Claude Sonnet 5 vs Sonnet 4.6: Performance, Cost & Features

For months, developers building agents had a choice - pay Opus prices for reliable autonomy, or use Sonnet and babysit the model through every step it struggled to finish.

Claude Sonnet 5 changes that equation. Anthropic released it on June 30, 2026, calling it the most agentic Sonnet model yet, one that can make plans, use tools like browsers and terminals, and run autonomously at a level that, just a few months ago, required larger and more expensive models.

This is not a checkpoint refresh. It is the first time a Sonnet-class model has genuinely threatened Opus performance on the benchmarks that matter to real agentic workflows.

What Made Sonnet 4.6 Hit Its Ceiling

Sonnet 4.6 launched in February 2026 and was already impressive for its price. It scored 79.6% on SWE-bench Verified for agentic coding, and 72.5% on OSWorld-Verified for computer use. Developers chose it over the previous flagship Opus 4.5 most of the time.

But agentic reliability was where it showed cracks. Sonnet 4.6 could plan a task. It often could not finish one. Complex multi-step jobs stalled halfway. It needed human nudging at points that a truly autonomous agent should handle alone. The clearest gains in agentic capability had shifted to the Opus class, leaving Sonnet users with a frustrating gap between what the model could start and what it could complete.

Sonnet 5 is Anthropic's direct answer to that gap.

The Head-to-Head Prompt: Build the Same UI in Sonnet 5 and Sonnet 4.6

Here is the exact prompt both models received:

Build a single HTML file. A watermelon sits on a wooden post in a field.
A man aims a gun at it and shoots. The watermelon explodes into chunks,
juice, and seeds flying everywhere. Animate the full sequence: aim, shoot,
explosion, debris falling. Pure HTML, CSS, vanilla JS only. No libraries.
Single file. Must run in browser.

No design spec. No color palette. No character description. No animation timing. Every visual decision was left entirely to the model.

Sonnet 5 built an illustrated world

Rolling green hills with grass texture, a gradient sky, volumetric clouds with soft shadows, a glowing sun, and a fully detailed character. red cap, beard, blue jacket, brown boots, rifle with a visible barrel. The watermelon sits on its post with a red pulsing crosshair locked onto it. A styled "Taking aim..." title card appears in bold red. The scene has depth, timing, and personality. Nothing in the prompt asked for any of this.

Sonnet 4.6 built the literal prompt

Flat blue sky, a solid ground block, a geometric stick figure with a hat, rectangular limbs, and a gun-shaped rectangle. The watermelon is present. The post is present. The "Again!" replay button appears fast, because the animation sequence itself was thin.

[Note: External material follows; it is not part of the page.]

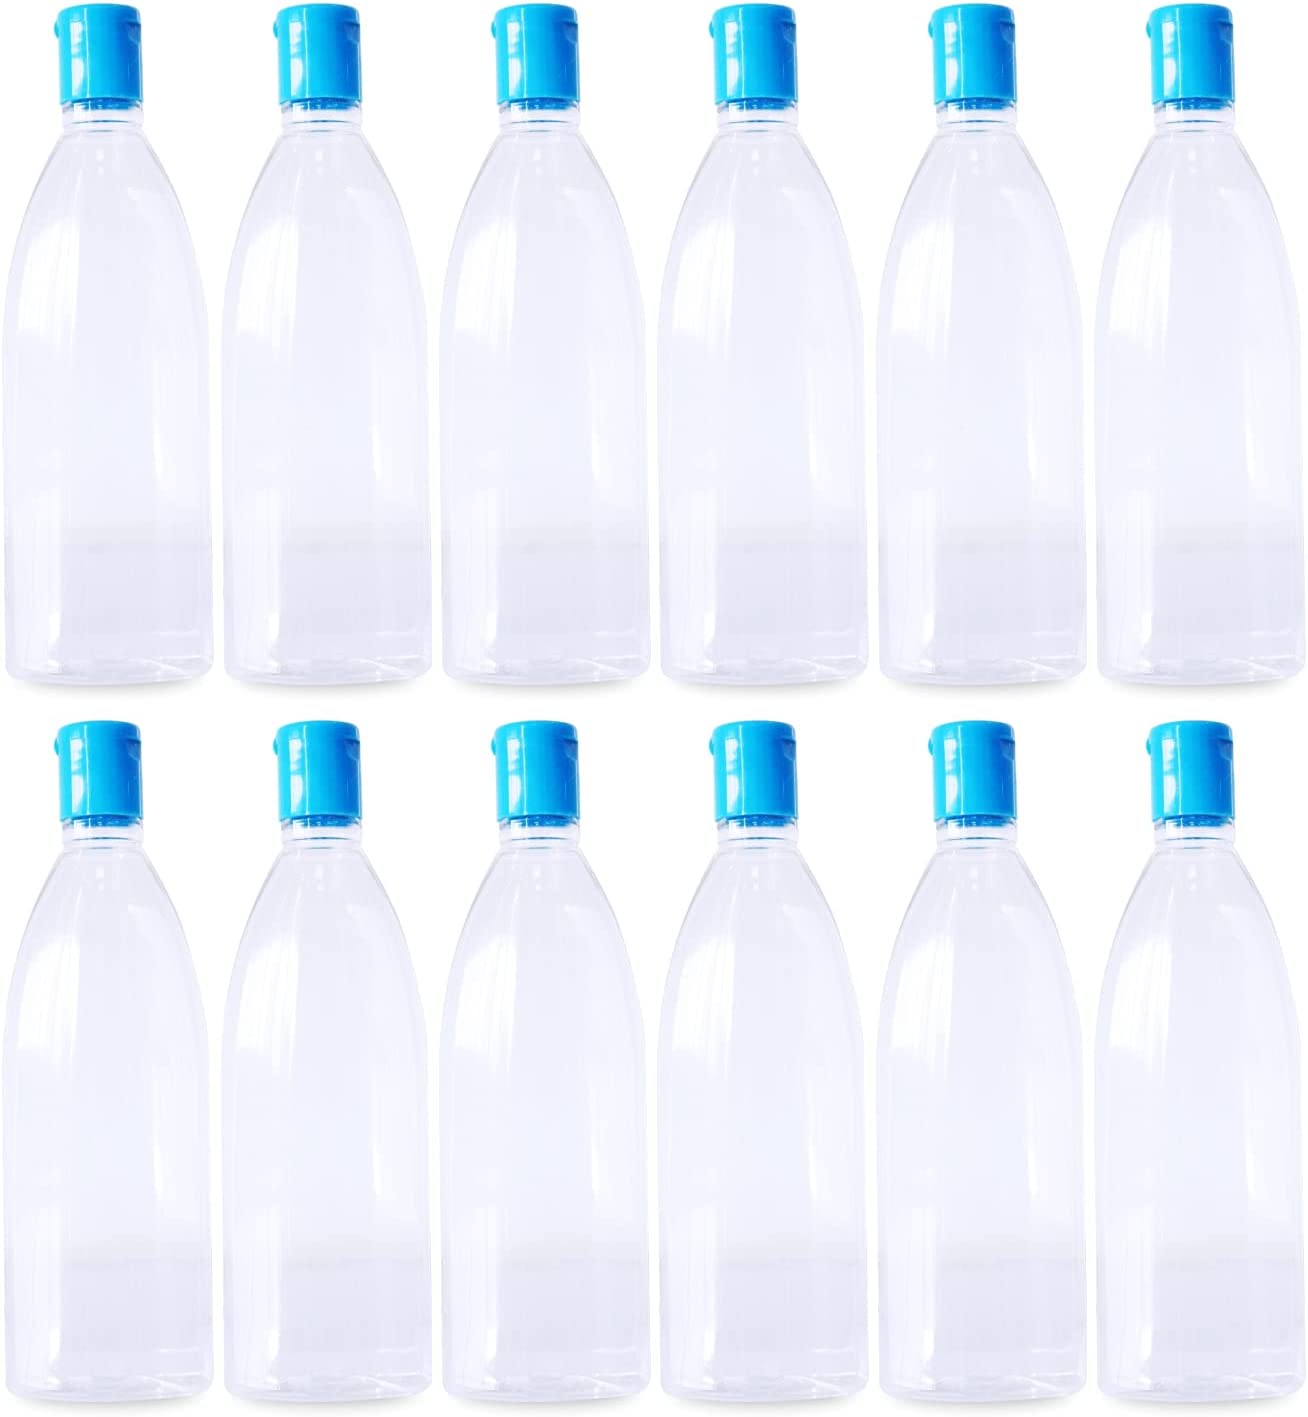 Wholesale Clear Plastic Squeeze Plastic Squeeze Bottles With Flip

It answered every word in the prompt and invented nothing beyond it.

The gap is not about which model followed instructions better. Both did. The gap is about what the model does with the space the prompt does not fill.

Sonnet 5 treated the silence in the prompt as creative latitude. It added hills because a field needs terrain. It added a crosshair because aim needs a visual. It added character detail because a man with a gun is more interesting than a blue rectangle with a black rectangle attached.

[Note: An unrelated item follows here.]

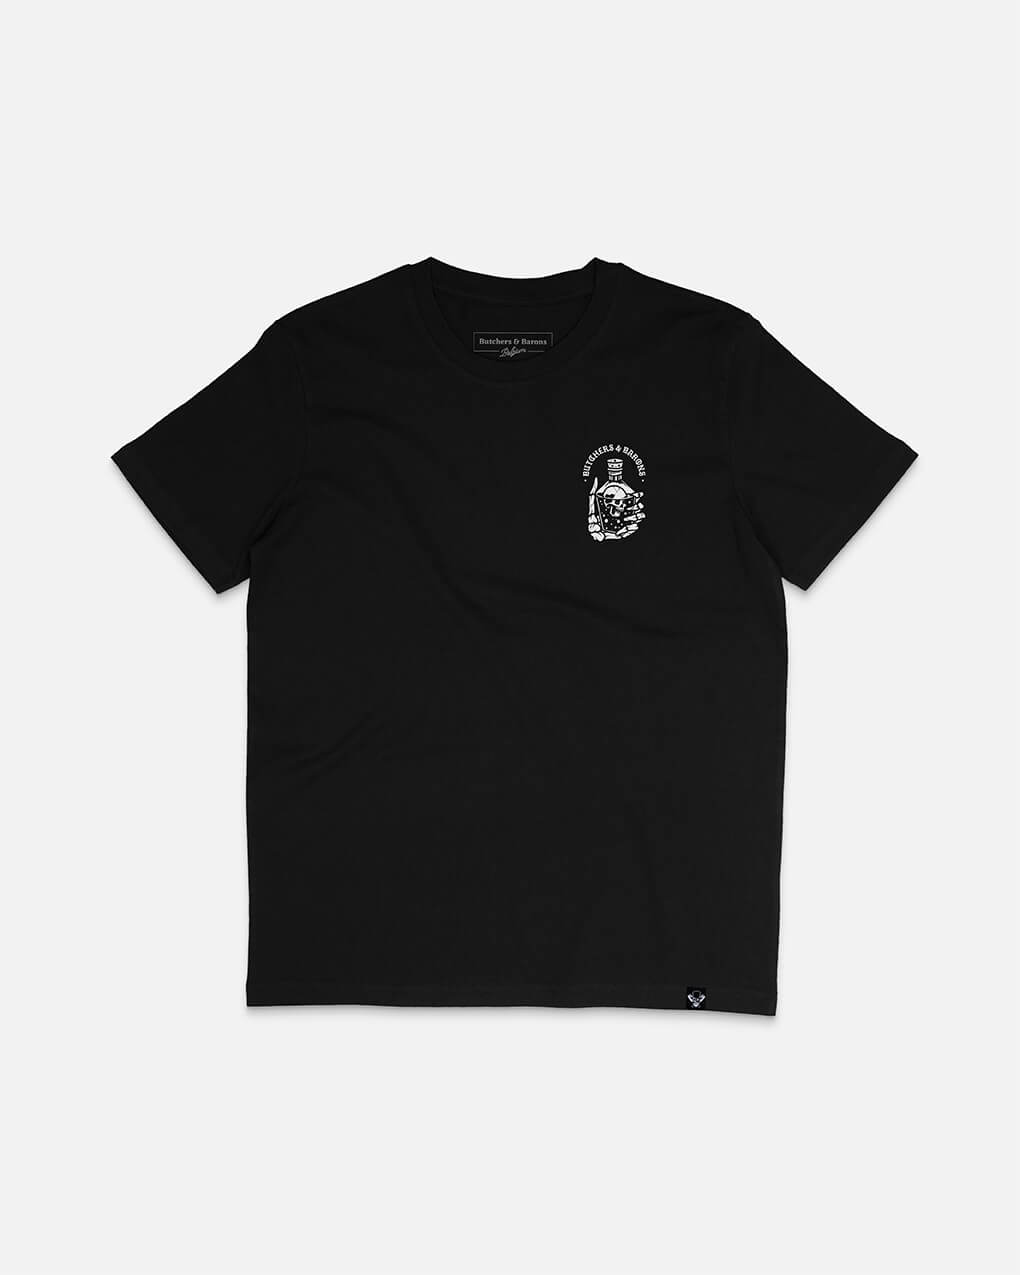 Potion black t-shirt - Butchers & Barons

Sonnet 4.6 treated the silence as nothing. It rendered the nouns, man, gun, watermelon, post, field, and stopped exactly where the prompt stopped.

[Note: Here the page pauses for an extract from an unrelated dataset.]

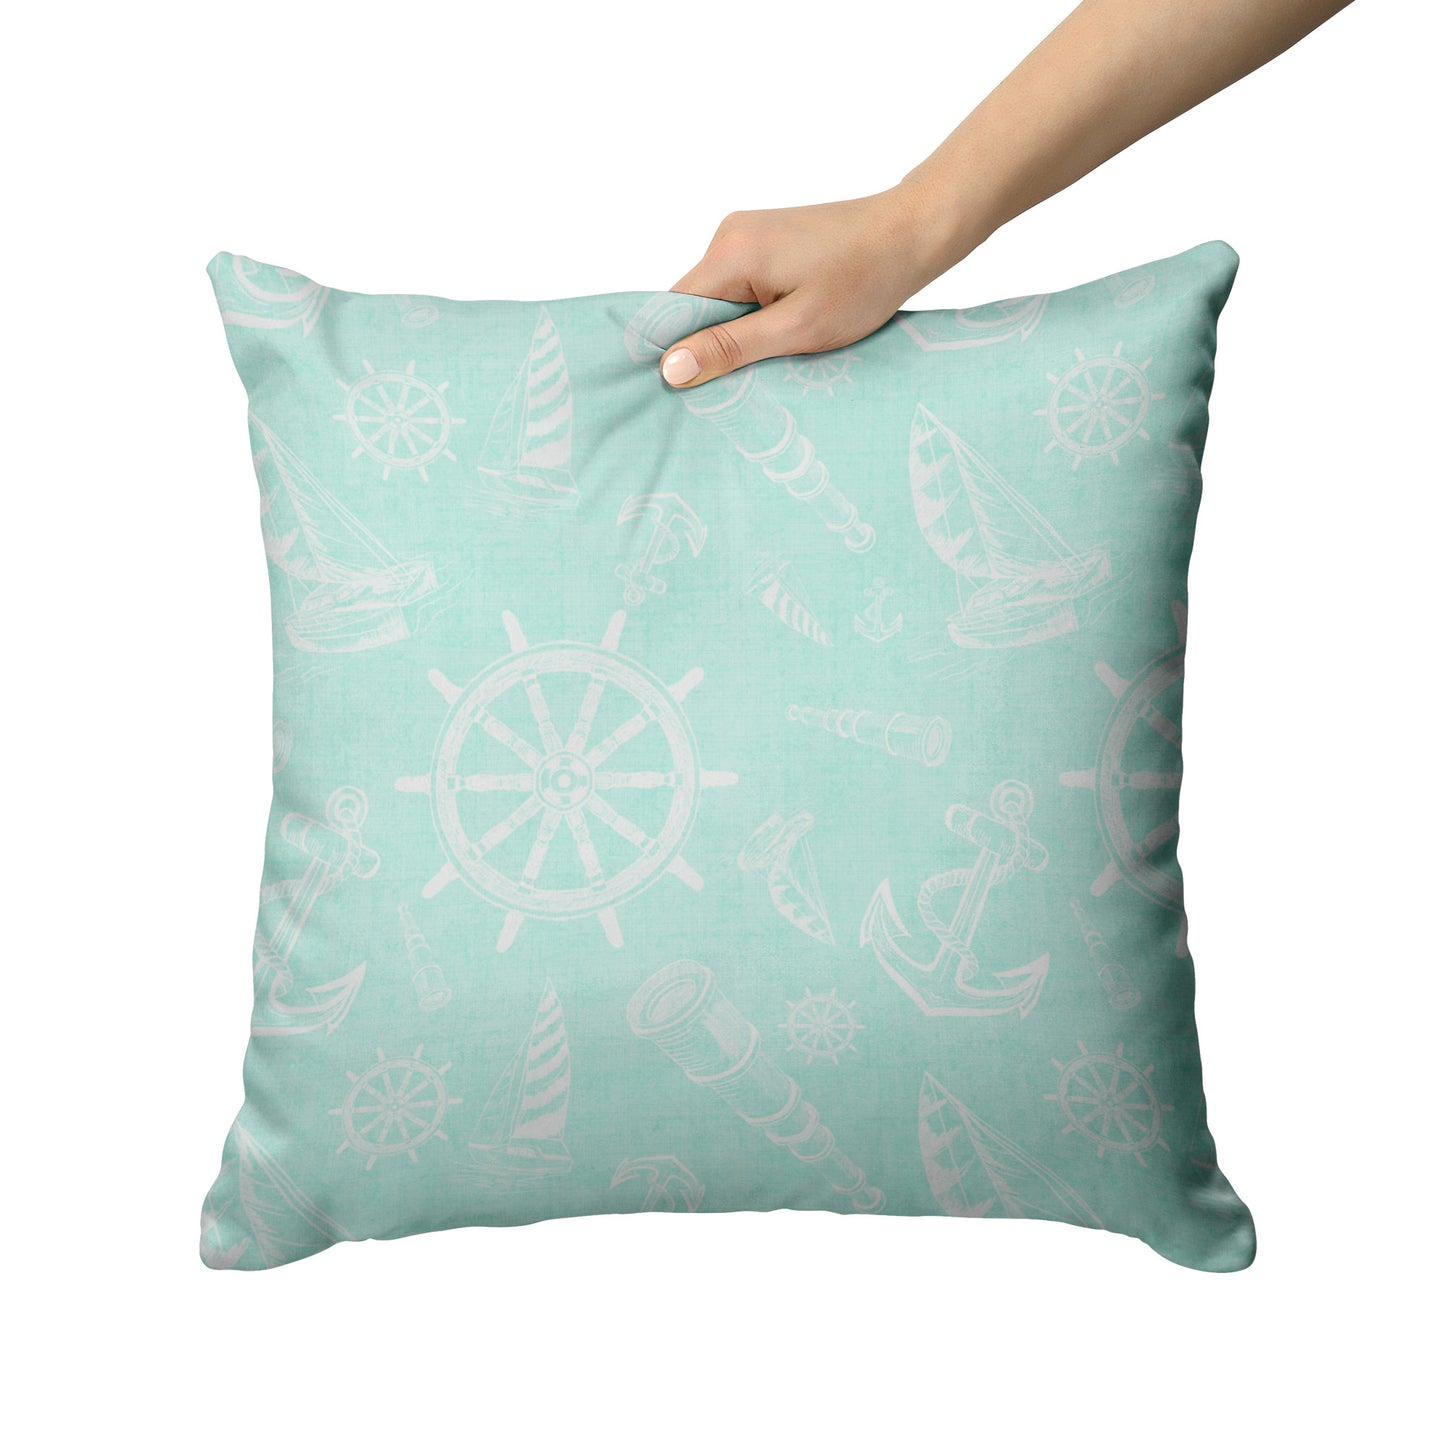 Nautical Sketches Design on Mint Linen Textured Background, Throw Pillow

That difference is what Anthropic means when they describe Sonnet 5 as more agentic. It does not just execute. It makes decisions about what a good output looks like before you tell it what good means.

The Architecture Shift: Effort Levels and Agentic Design

Sonnet 5 is not just a better version of Sonnet 4.6. It introduces a structural feature that changes how you deploy it.

Sonnet 5 exposes selectable reasoning effort: low, medium, high, max, and extra-high (xhigh). Higher effort means more tokens spent on reasoning before the model acts.

This is meaningful because agent tasks are not uniform. A simple file rename does not need the same reasoning depth as debugging a race condition across three services.

  cost-performance (BrowseComp)

  cost-performance (OSWorld-Verified)

Source

Sonnet 5 is a strict improvement over Sonnet 4.6 at every effort level on both BrowseComp (agentic web search) and OSWorld-Verified (computer use). Sonnet 4.6 fell well short of Opus 4.8 on these evaluations. Sonnet 5 and Opus 4.8 now sit on a single performance range, Sonnet 5 at lower cost, Opus 4.8 at higher accuracy.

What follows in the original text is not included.